_BRIEF_
Below is a listing; print exactly its lines from the one containing "Le réalisateur du" down to the one containing "Agrodolci a base", both inclusive, with every picture left out.

_EXERCISE MATERIAL_
────────────────────

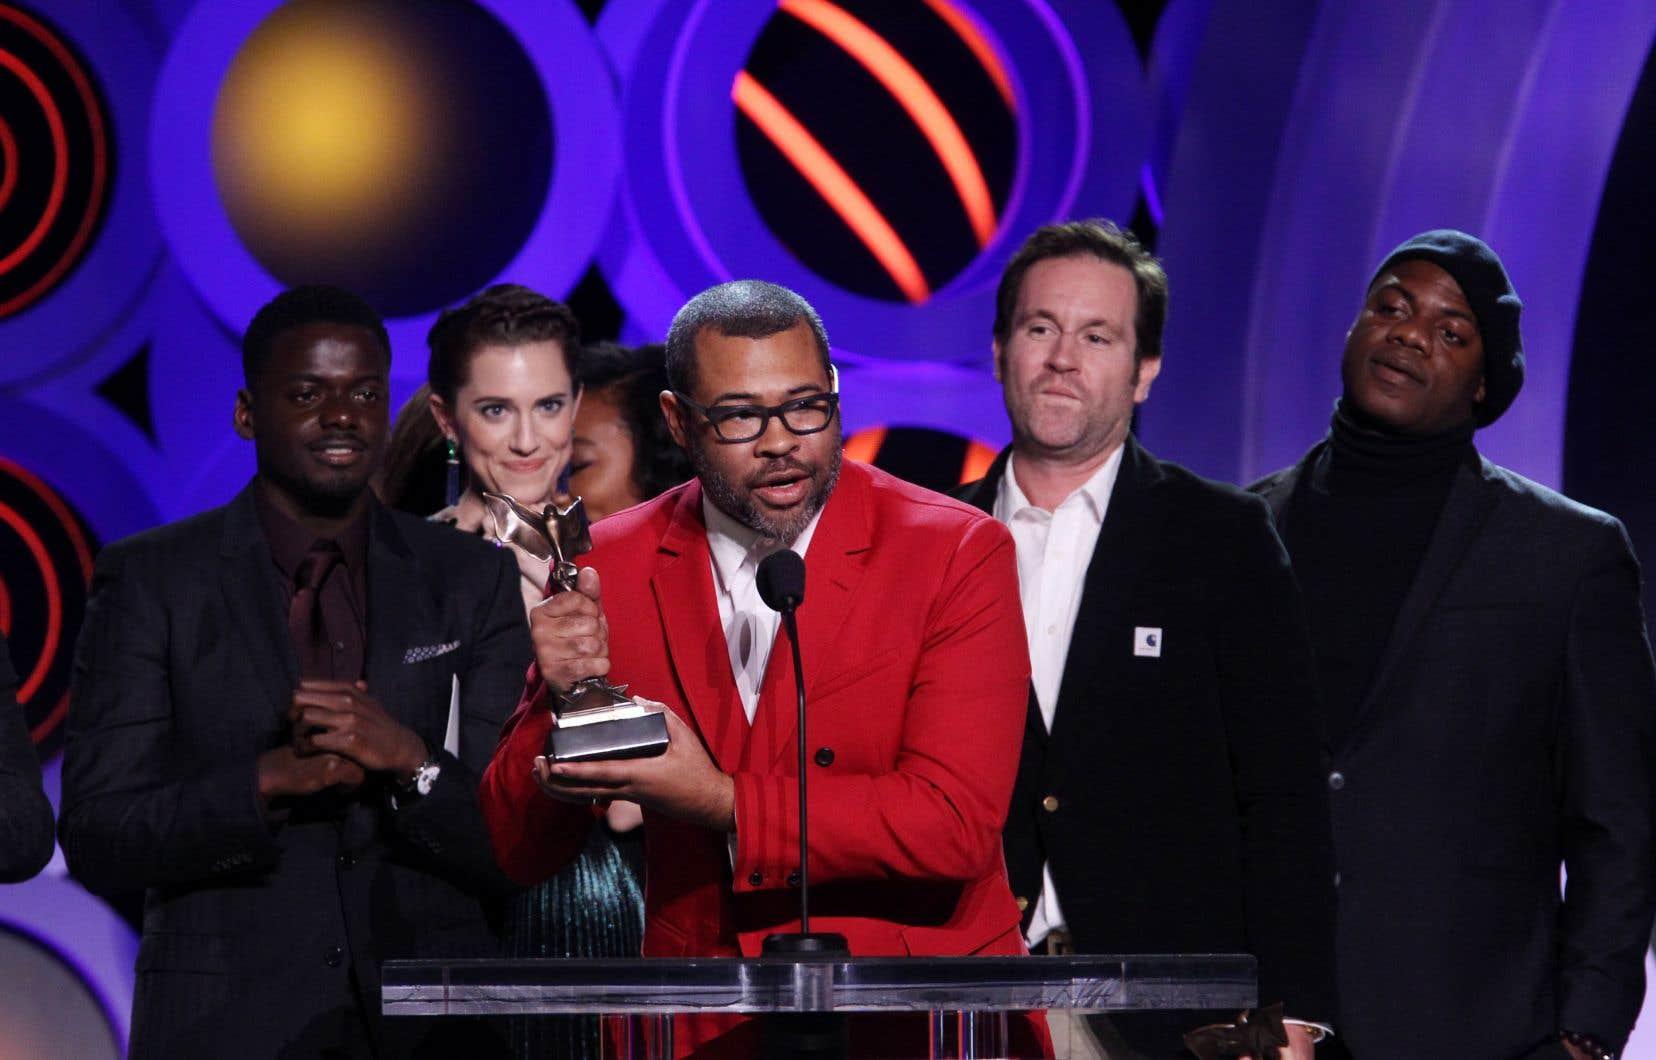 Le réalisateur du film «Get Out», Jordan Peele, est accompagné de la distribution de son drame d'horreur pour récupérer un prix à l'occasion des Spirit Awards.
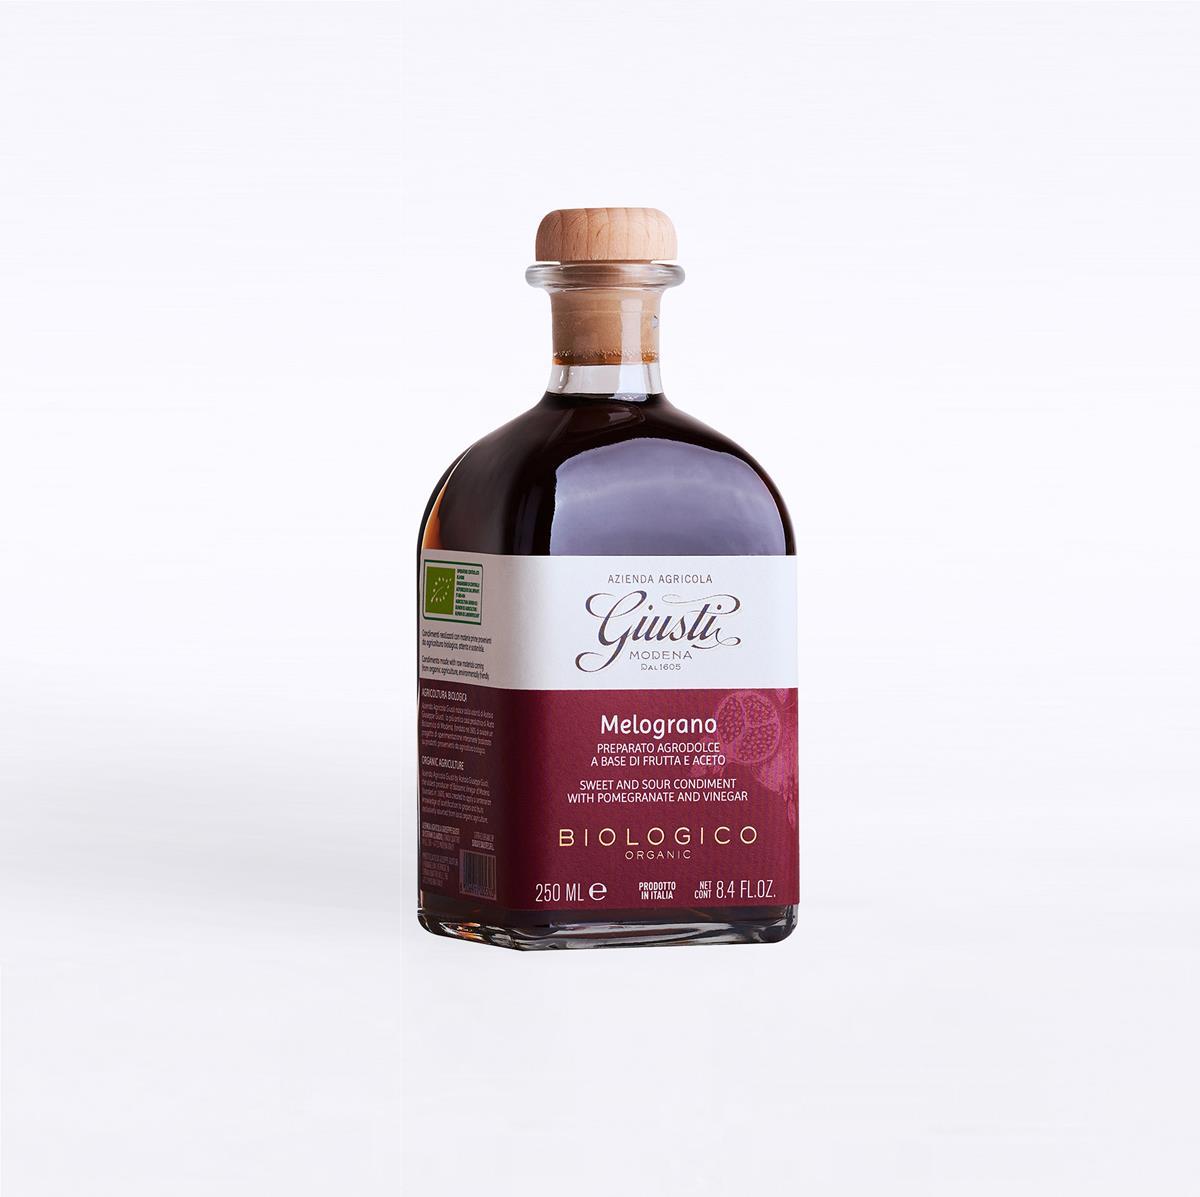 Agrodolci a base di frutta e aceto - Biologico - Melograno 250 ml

────────────────────

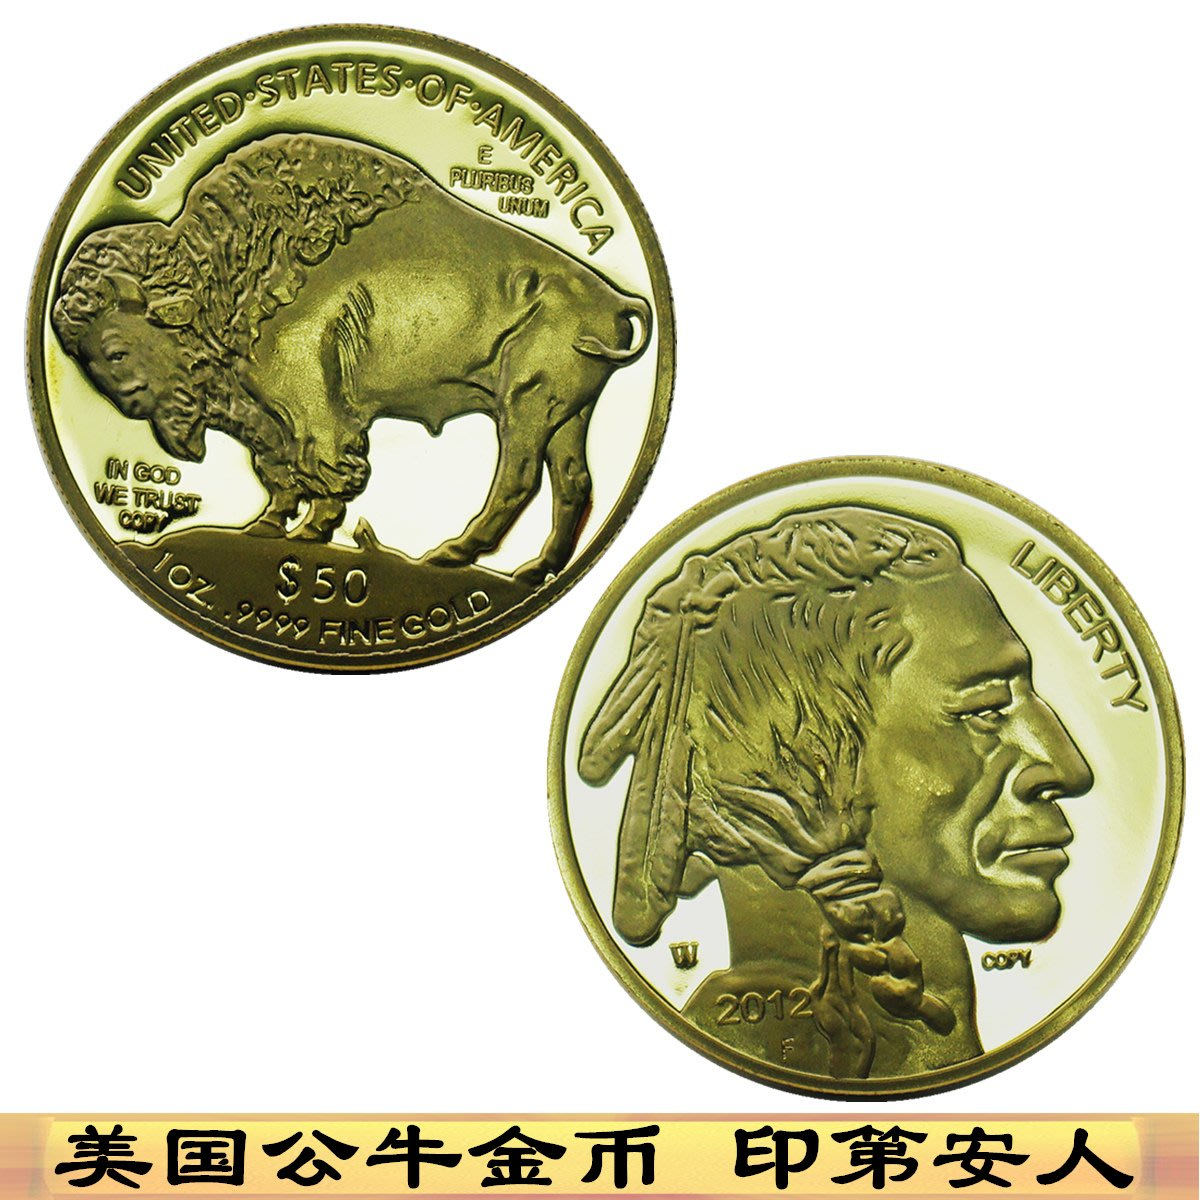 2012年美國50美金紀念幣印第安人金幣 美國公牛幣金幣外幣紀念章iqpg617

────────────────────

_SOLUTION FOR THIS EXERCISE_
 Le réalisateur du film «Get Out», Jordan Peele, est accompagné de la distribution de son drame d'horreur pour récupérer un prix à l'occasion des Spirit Awards.
 Agrodolci a base di frutta e aceto - Biologico - Melograno 250 ml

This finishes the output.